Le plateau vocal convainc réunissant de superbes tempéraments féminins :  Rosalind Plowright fait une Madame de Croissy brute et âpre (sa mort saisit); surtout Patricia Petibon nous épargnant ses accents aigus parfois manièristes incarne une Blanche sincère, sensible, juste d’autant que Py exploite les mêmes talents d actrice qui nous avait valu avec lui à Genève sa troublante et féline Lulu. Même accomplissement superlatif pour la Constance de Anne-Catherine Gillet (remplacant Sandrine Piau souffrante) et après avoir chanté pour Angers Nantes Opéra le personnage de Blanche,  nous éblouit dans le rôle de Constance dont elle fait le double émotionnel de Blanche entre gandeur et exaltation; veritable torche vivante, celle fulgurante des jeunes mystiques.

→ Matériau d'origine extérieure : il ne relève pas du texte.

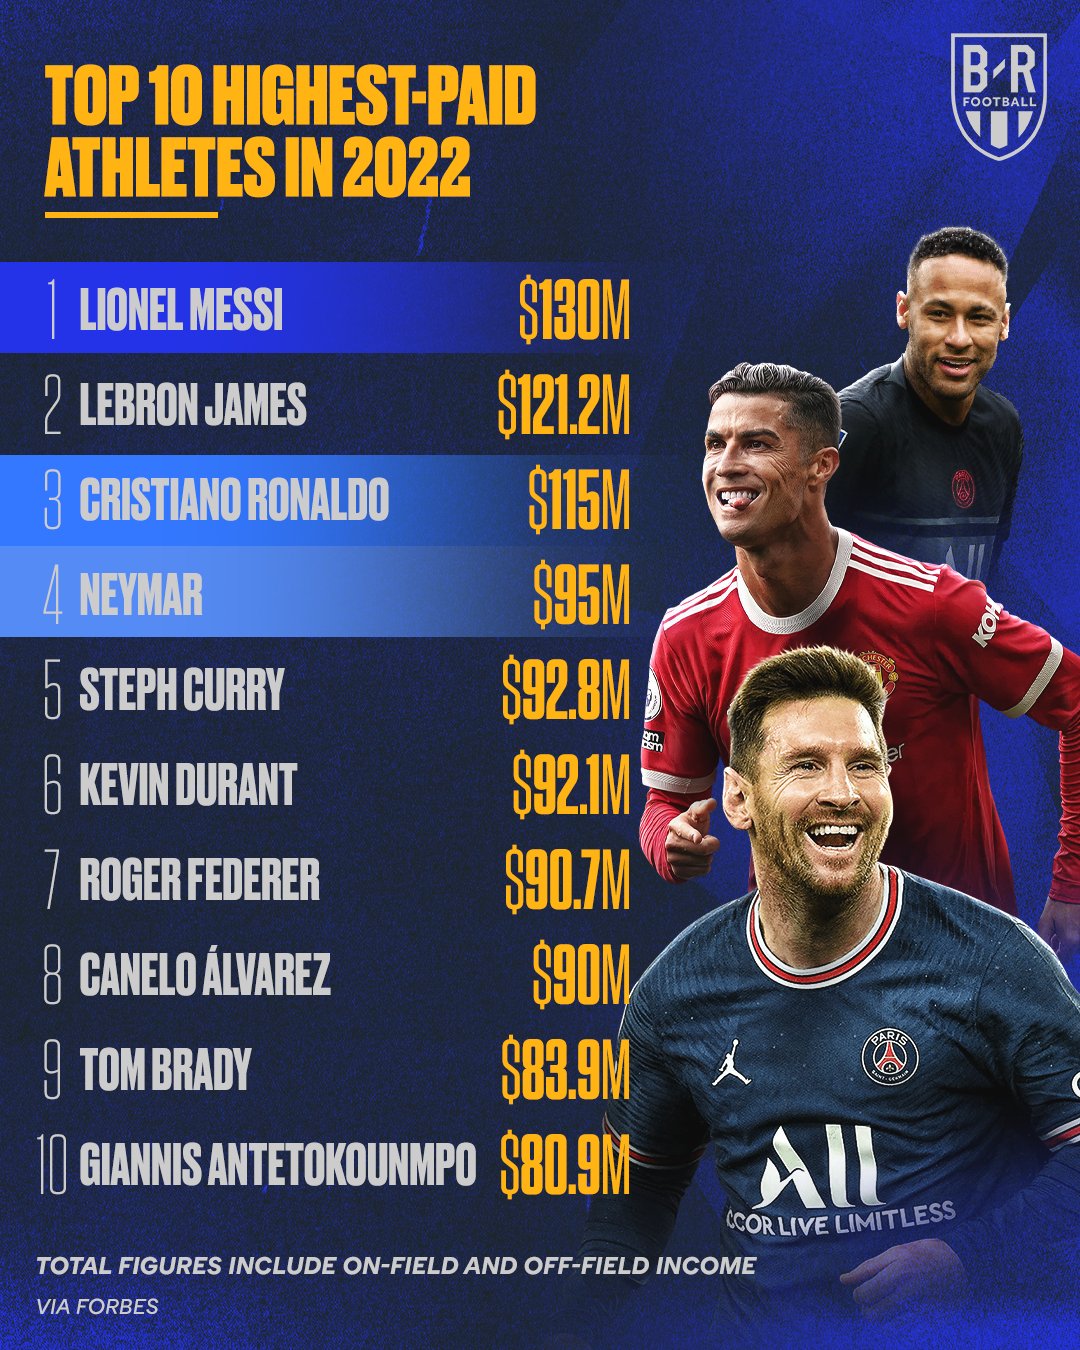 ¿Cuánto cobra Messi por usar Adidas
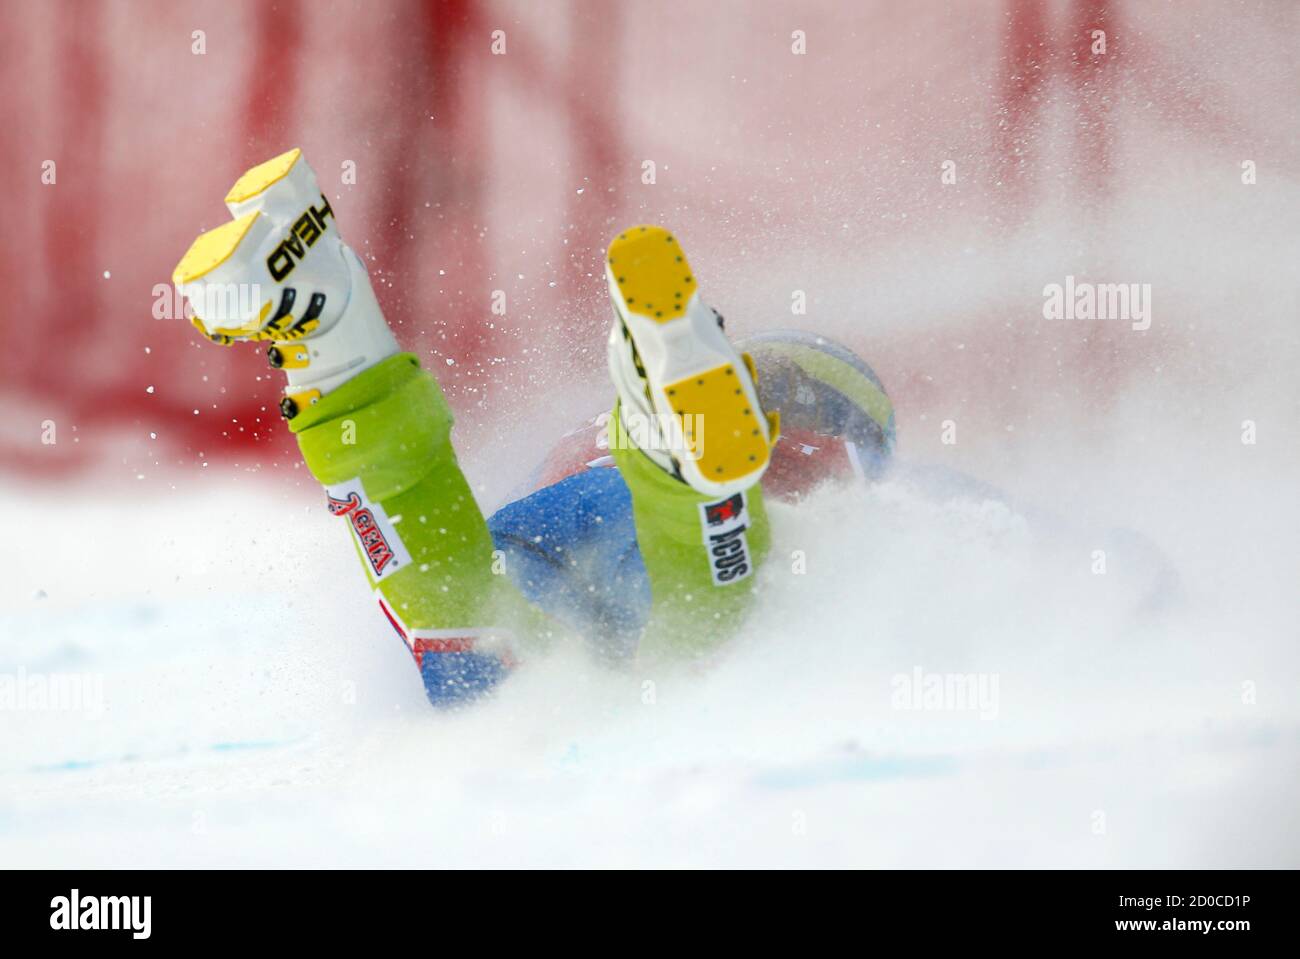 Marusa Ferk, de Slovénie, s'écrase lors de l'entraînement de ski alpin pour la coupe du monde féminine de descente à Lake Louise, en Alberta, le 27 novembre 2012. REUTERS/Mike Blake (CANADA - Tags: SKI DE SPORT) Banque D'Images

On reste de marbre en revanche face à Sophie Koch (mère Marie) et Véronique Gens présentes sans guère d’approfondissement.

Jeune baguette familière des approches historiques, Jérémie Rhorer a troqué son Cercle de l’Harmonie pour les somptueux instrumentistes du Philharmonia. Le chef rétablit sans précipitation ni sécheresses toute l’activité instrumentale d’une partition qui se lit désormais comme un retable grouillant de vie, d ‘irrépressible ferveur… jusqu’à la chute finale au tragique glaçant.